The darkening outlook was underlined by data showing the fourth monthly decline this year in exports from South Korea, the first major economy to report May numbers, as shipments to the United States, Europe and China all fell. Equities, the euro and growth-linked currencies all fell after Friday's gloomy data, which followed reports on Thursday showing India's growth at its weakest in nine years.
Manufacturing surveys from Europe later are not expected to offer much comfort, while investors' jitters over the key US non-farm payrolls report, due at 1230 GMT, have been rising since a separate report on Thursday showed US private employers created fewer jobs than expected last month. "I don't think Friday's numbers are going to be any better. It's been a dismal week so far, and we haven't hit bottom," said Jim Ritterbusch, president at oil trading advisory firm Ritterbusch & Associates.
Declines in two gauges of China's manufacturing sector were particularly worrying for investors looking to the world's second biggest economy - the main engine of global growth in recent years - to pick up the slack created by Europe's debt crisis and the sluggish US economy.
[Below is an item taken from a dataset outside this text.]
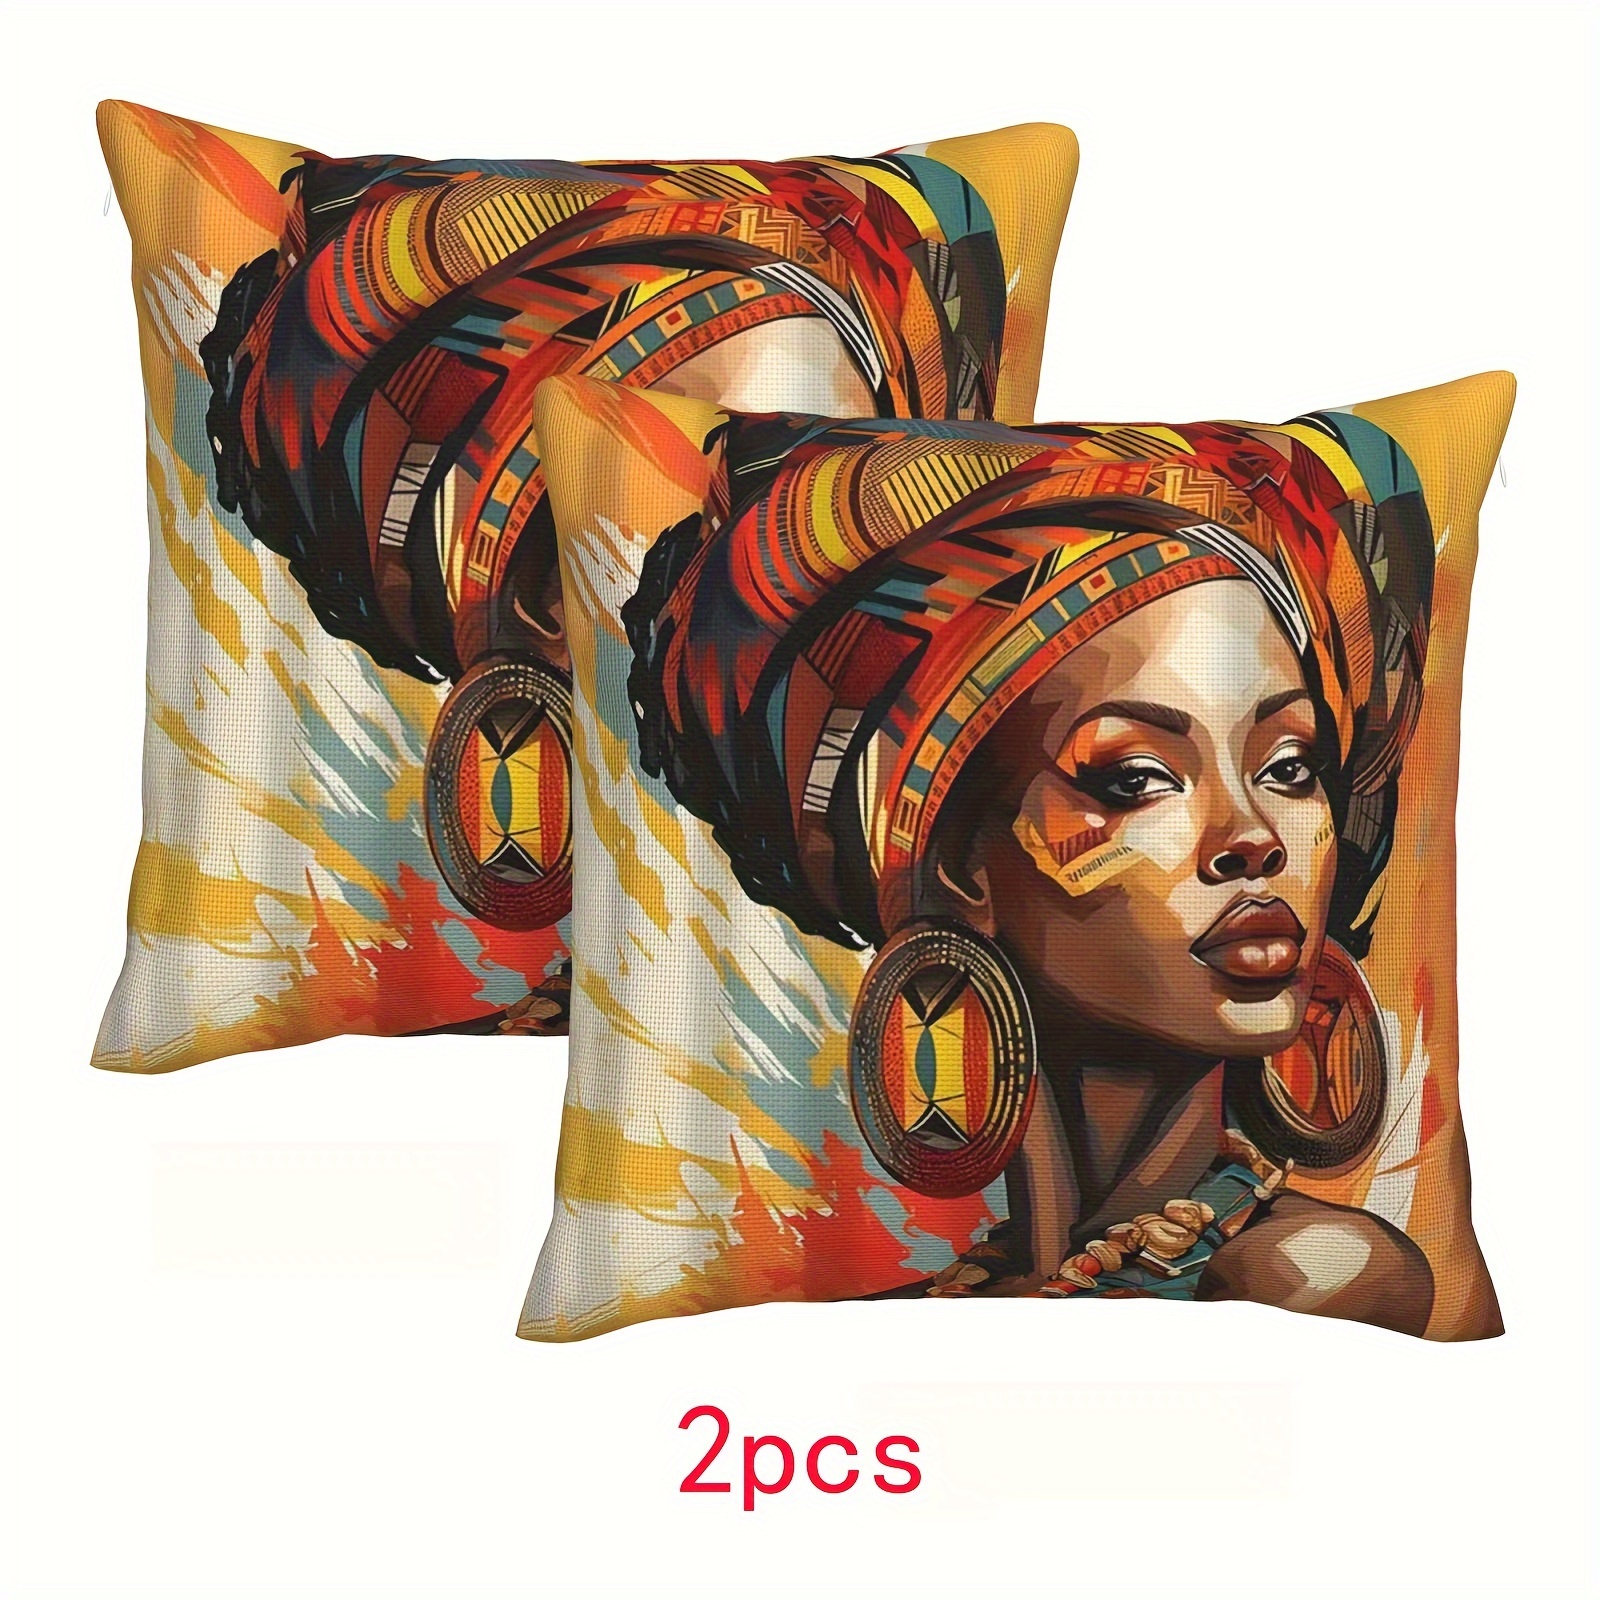 

Traditional African Tribal Figure Throw Pillow Covers Set Of 2, 18x18 Inch, Decorative Woven Polyester Cushion Cases With Zipper For Sofa, Bed, Living Room, Car Decor - Machine Washable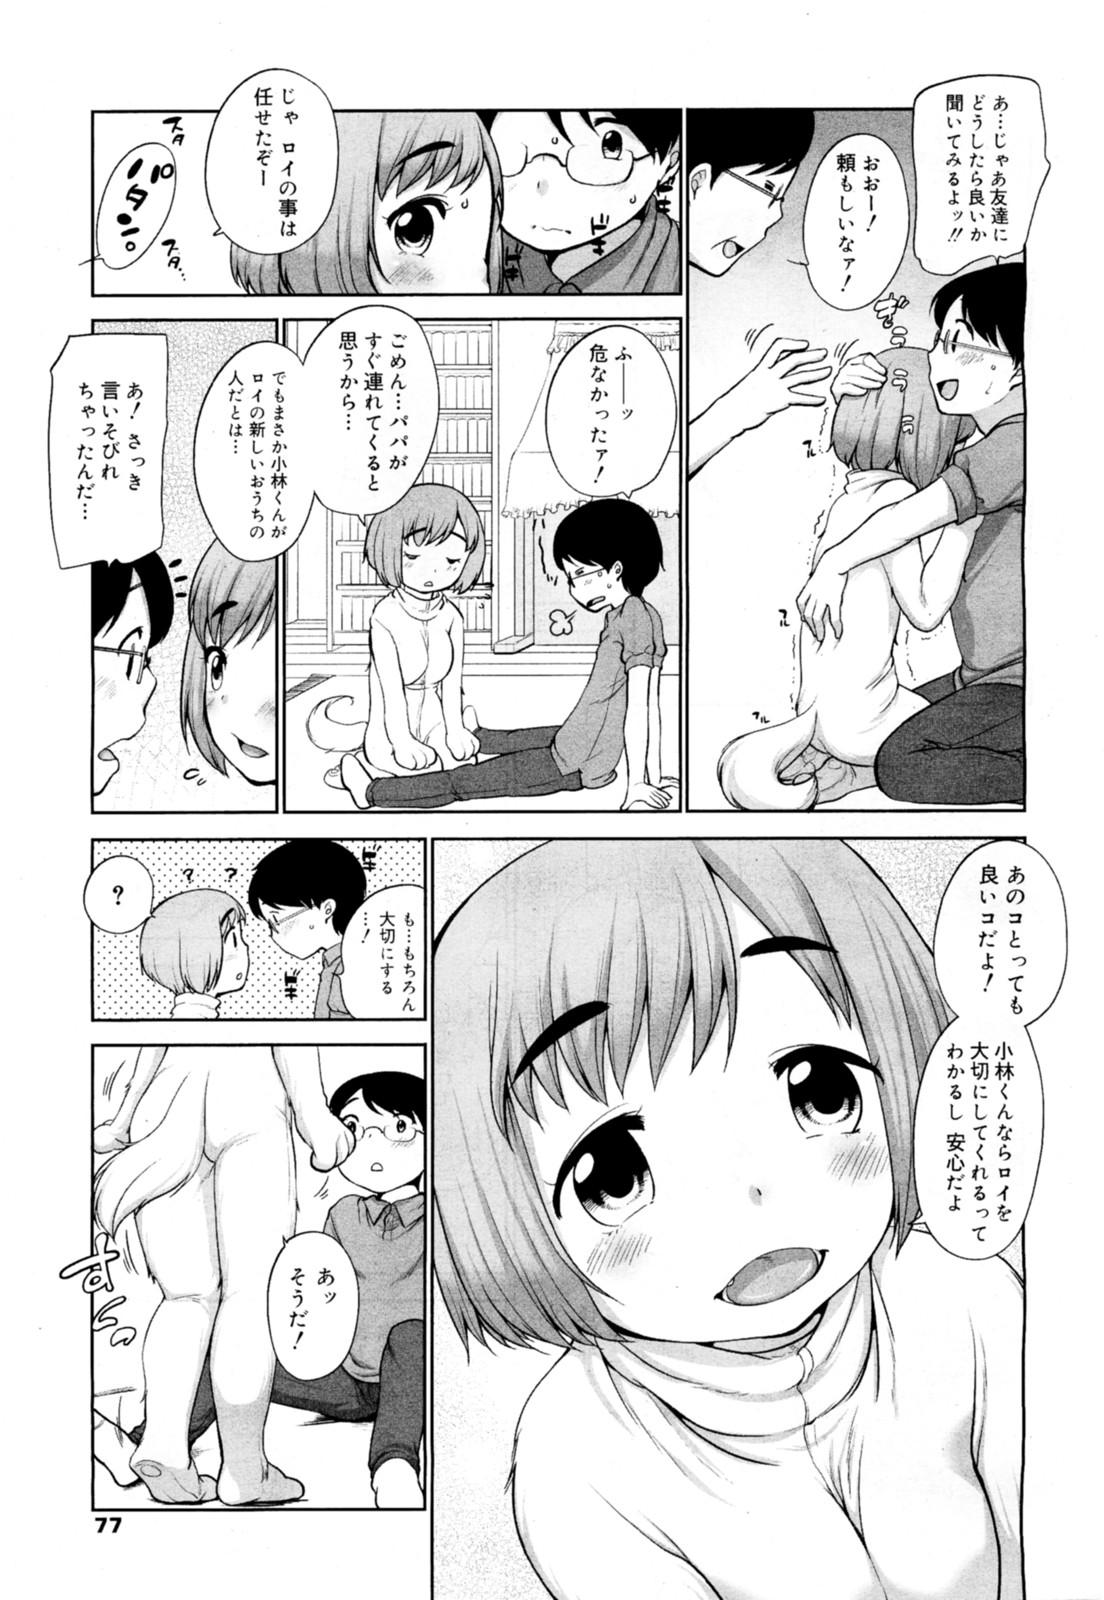 18 Year Old Inu no Kimochi？ Doublepenetration - Page 7

China's annual economic growth is expected by analysts to fall to 7.9 percent in the second quarter, the first dip below 8 percent since 2009. That could pile pressure on authorities to take further policy action to support growth. "What's really worrying is new orders have started to shrink and inventories have started to build up at an unusually fast pace," said Dariusz Kowalczyk, senior economist and strategist at Credit Agricole CIB in Hong Kong. "Growth in Q2 is likely to slow, probably below 7.5 percent year-on-year. That puts the annual growth target at risk and the risks continue to increase because the external environment is weakening."
China's official purchasing managers' index - covering China's biggest, mainly state-backed firms - fell more than expected to 50.4 in May, the weakest reading this year and down from April's 13-month high, with output at its lowest since November 2011.
The separate HSBC China manufacturing PMI, tracking smaller private sector firms, retreated to 48.4 from 49.3 in April - its seventh straight month below the 50-mark that demarcates expansion from contraction - with the employment sub-index falling to 48.1, its lowest level since March 2009. The euro fell to a 23-month low after the data and the Australian dollar, highly sensitive to expectations of Chinese demand for commodities, hit an eight-month low. Japanese shares were heading for a ninth straight week of losses, matching its longest such run in 20 years. China's yuan was little changed, after suffering its biggest monthly drop on record in May.
A slower growth outlook for China added to concerns facing fellow Asian industrial powerhouse South Korea, which has seen Europe's wrenching debt crisis sap demand for its exports. Data released on Friday showed that exports fell 0.4 percent in May from a year ago, less than expected in a Reuters poll of economists, as demand in the Middle East and Latin America was offset by sharp falls in the United States, Europe and China. "Given the prevailing view that the euro zone fiscal crisis won't be solved in the short term, we are concerned that exports to China will remain weak for some time," Deputy Trade Minister Han Jin-hyun said at a briefing after the data was released.
The weak export data prompted investment banks to warn that the South Korean government's forecast of 3.7 percent economic growth this year looked to be overly optimistic. "Absent a vigorous export recovery, 2012 is shaping up as a year of sub-trend growth," said ING economist Tim Condon. Taiwan's HSBC May PMI showed a second straight month of slowing expansion, with a reading of 50.5 compared with 51.2 in April.